= WHAT IS REQUIRED =
Here the job is to print all of the entries below verbatim and leave out any picture.

%%

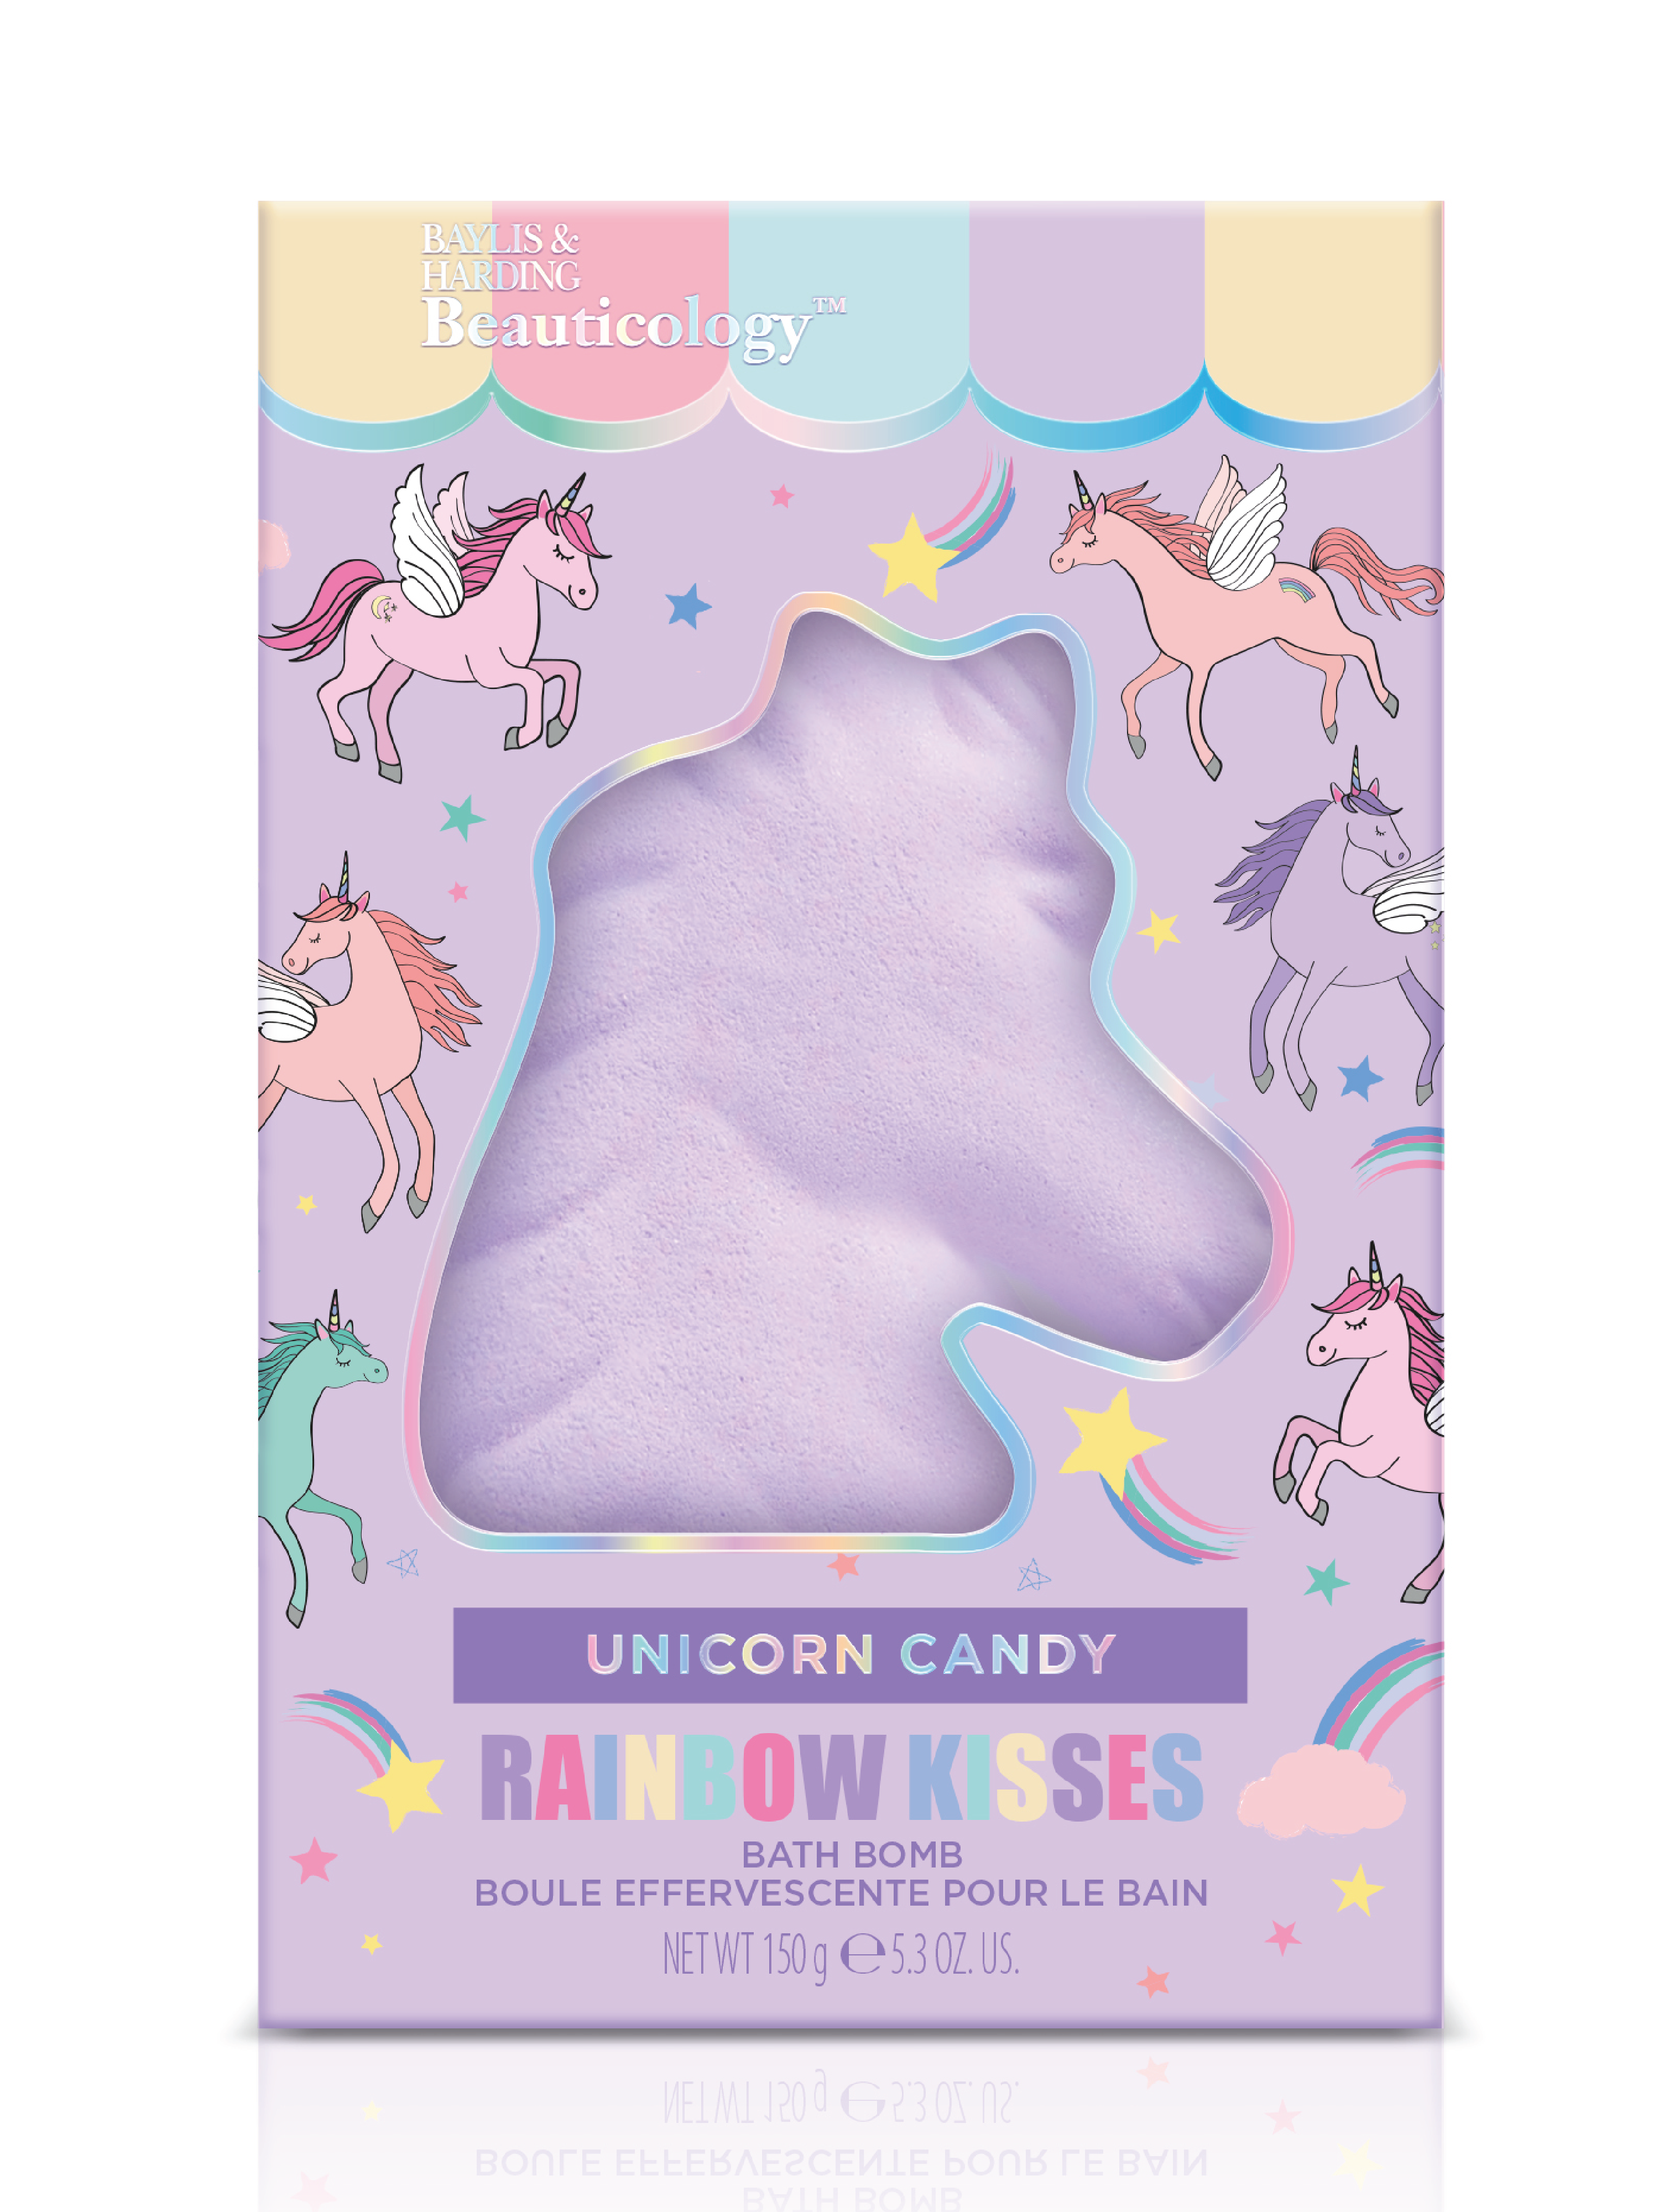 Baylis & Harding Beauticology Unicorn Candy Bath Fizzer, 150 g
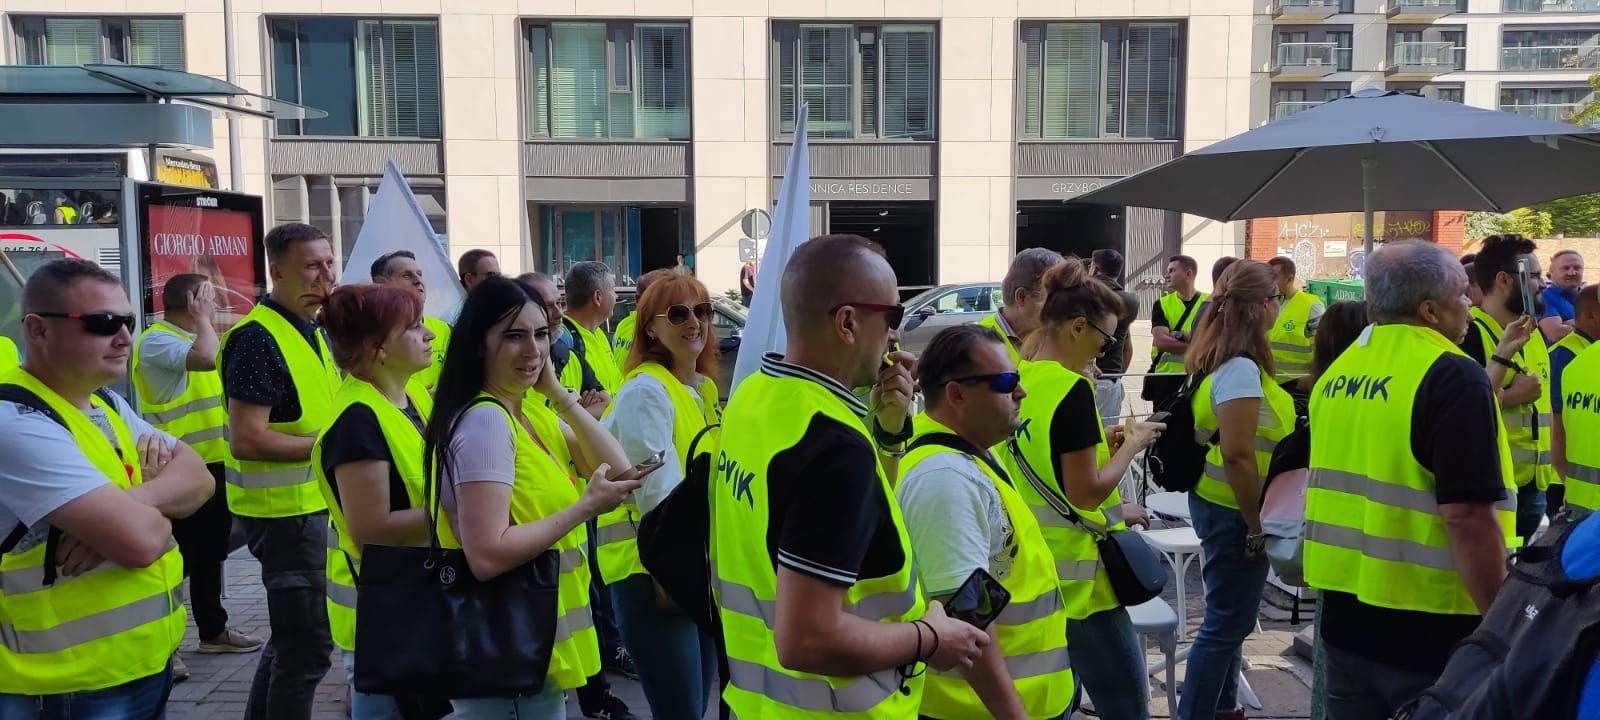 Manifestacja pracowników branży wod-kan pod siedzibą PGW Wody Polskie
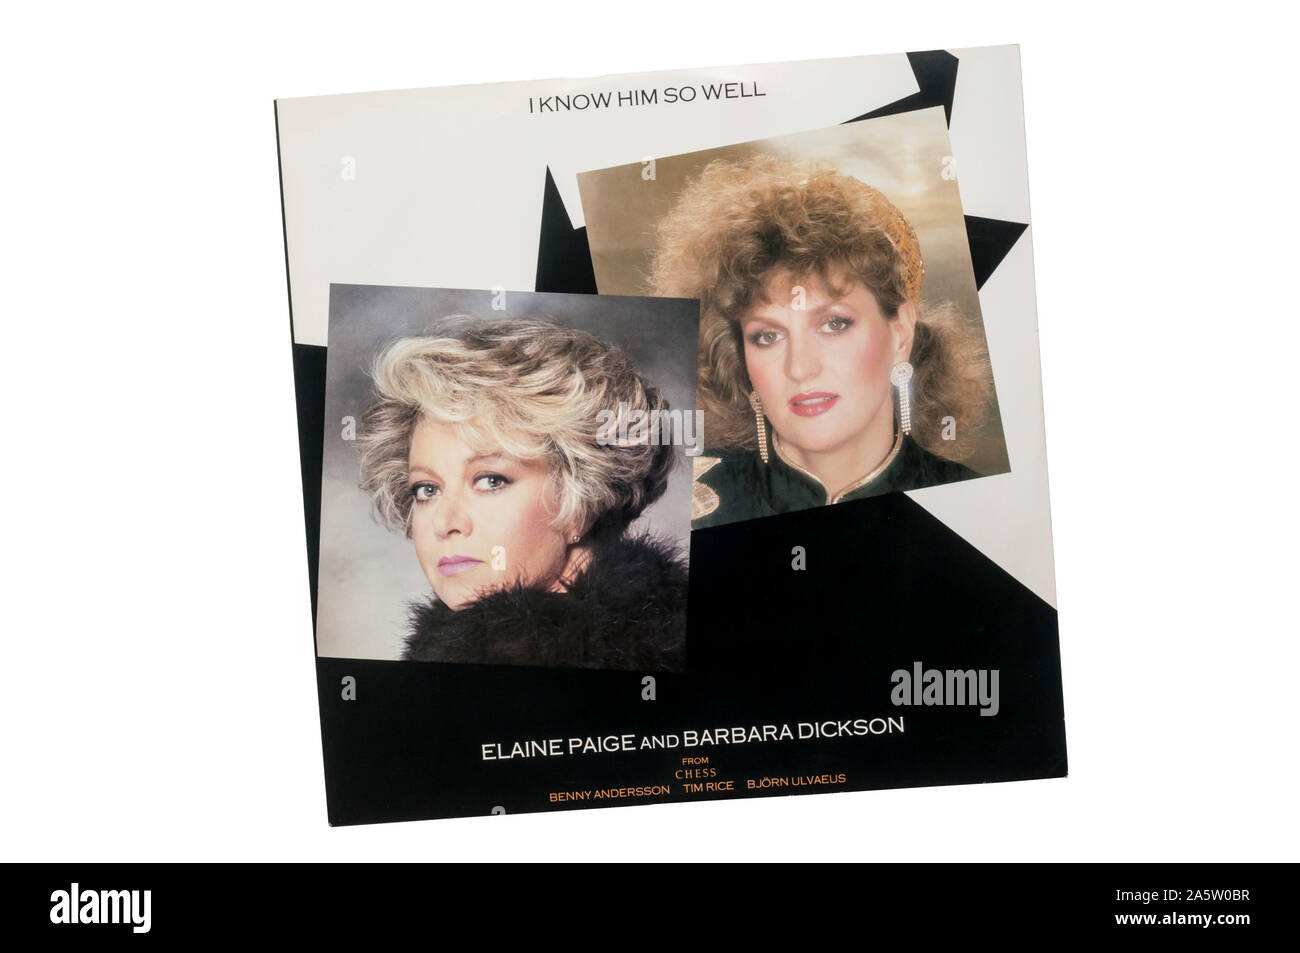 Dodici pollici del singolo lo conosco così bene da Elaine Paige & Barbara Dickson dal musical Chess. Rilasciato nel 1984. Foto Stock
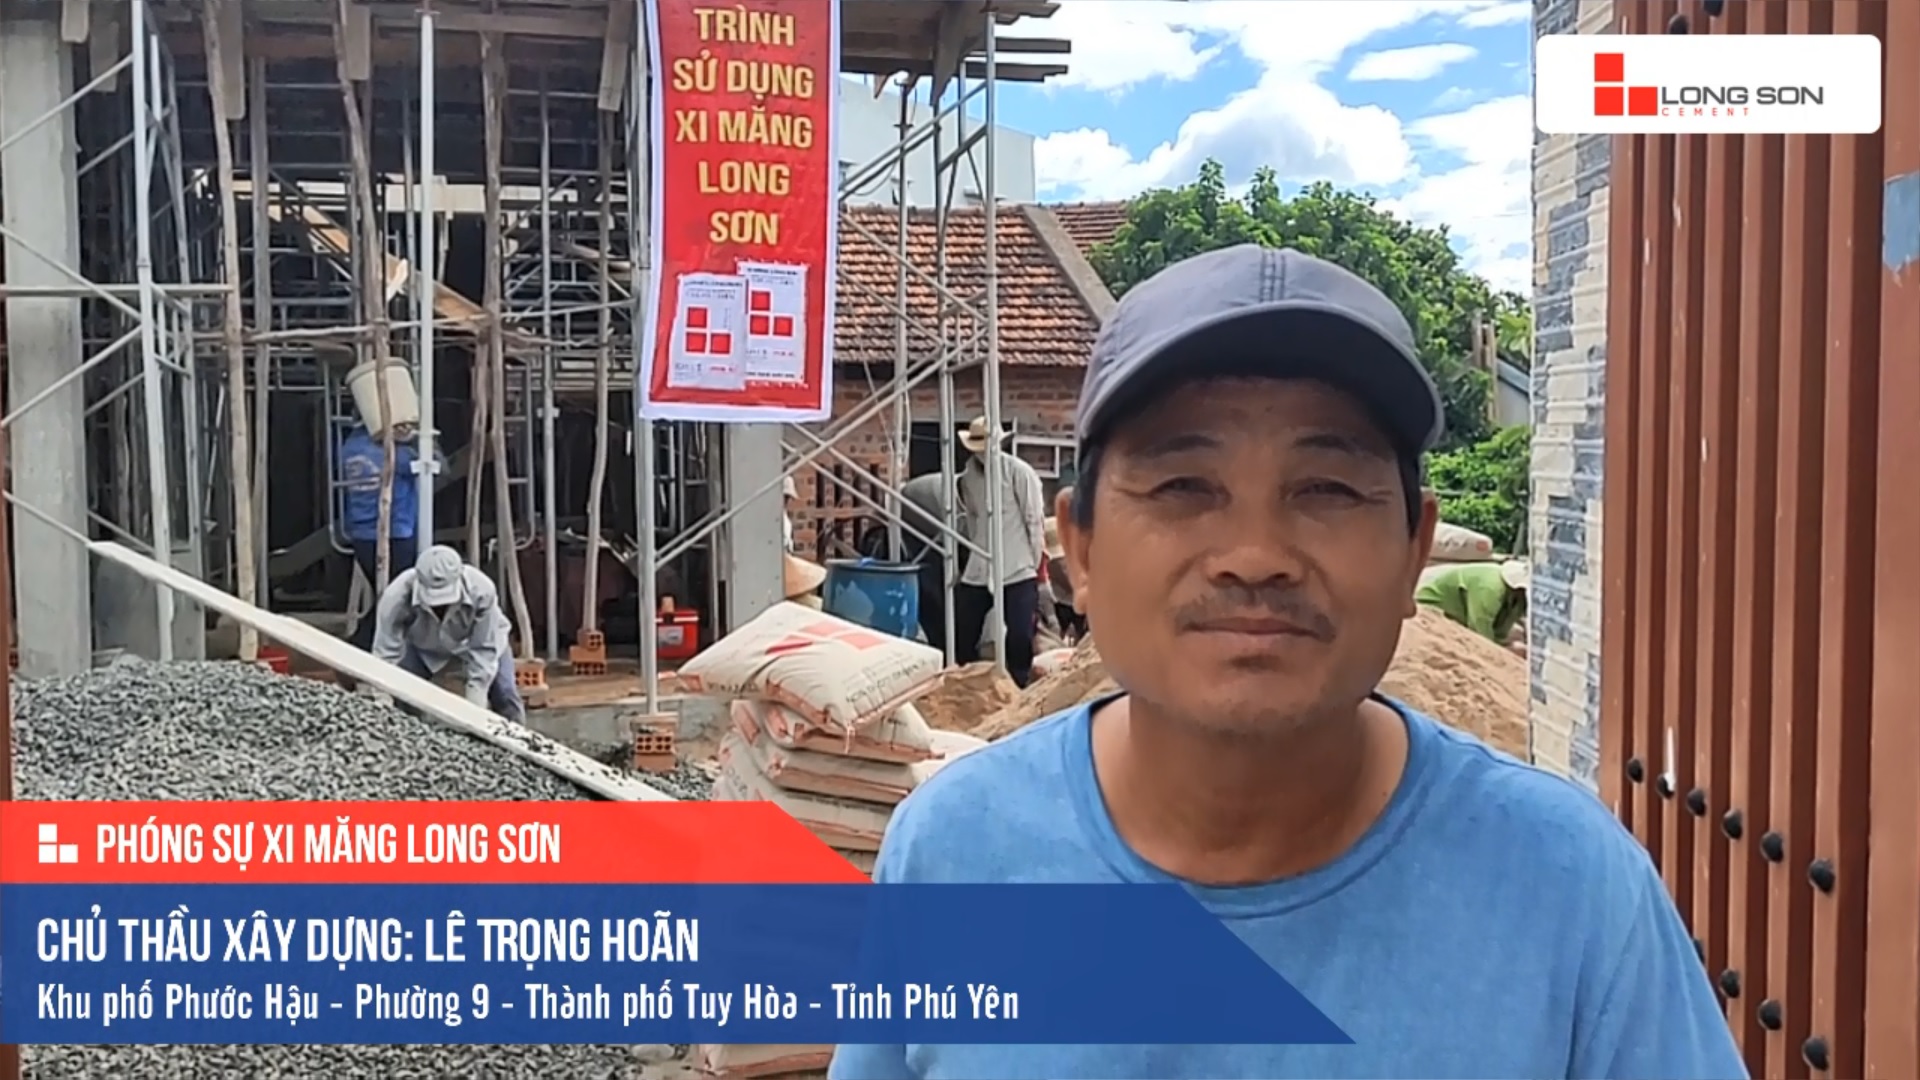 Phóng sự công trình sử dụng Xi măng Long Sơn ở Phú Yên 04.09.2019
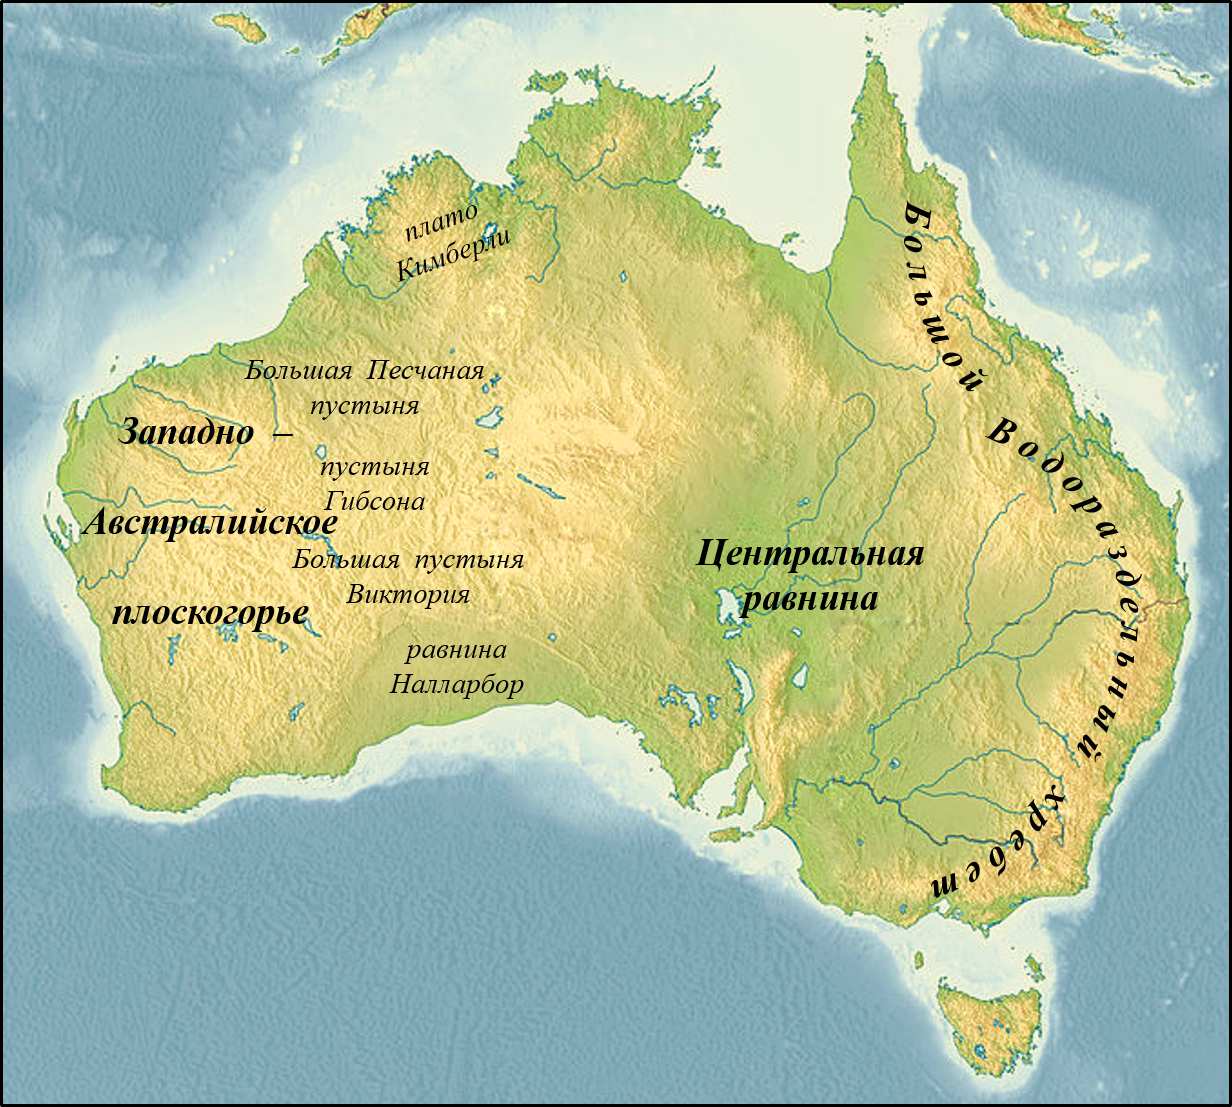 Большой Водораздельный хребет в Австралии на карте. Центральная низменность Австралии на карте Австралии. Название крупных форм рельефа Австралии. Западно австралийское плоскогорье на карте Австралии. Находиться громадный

%%

= WRITTEN SOLUTION =
 Baylis & Harding Beauticology Unicorn Candy Bath Fizzer, 150 g
 Manifestacja pracowników branży wod-kan pod siedzibą PGW Wody Polskie
 Dodici pollici del singolo lo conosco così bene da Elaine Paige & Barbara Dickson dal musical Chess. Rilasciato nel 1984. Foto Stock
 Phóng sự công trình sử dụng Xi măng Long Sơn ở Phú Yên 04.09.2019
 Большой Водораздельный хребет в Австралии на карте. Центральная низменность Австралии на карте Австралии. Название крупных форм рельефа Австралии. Западно австралийское плоскогорье на карте Австралии. Находиться громадный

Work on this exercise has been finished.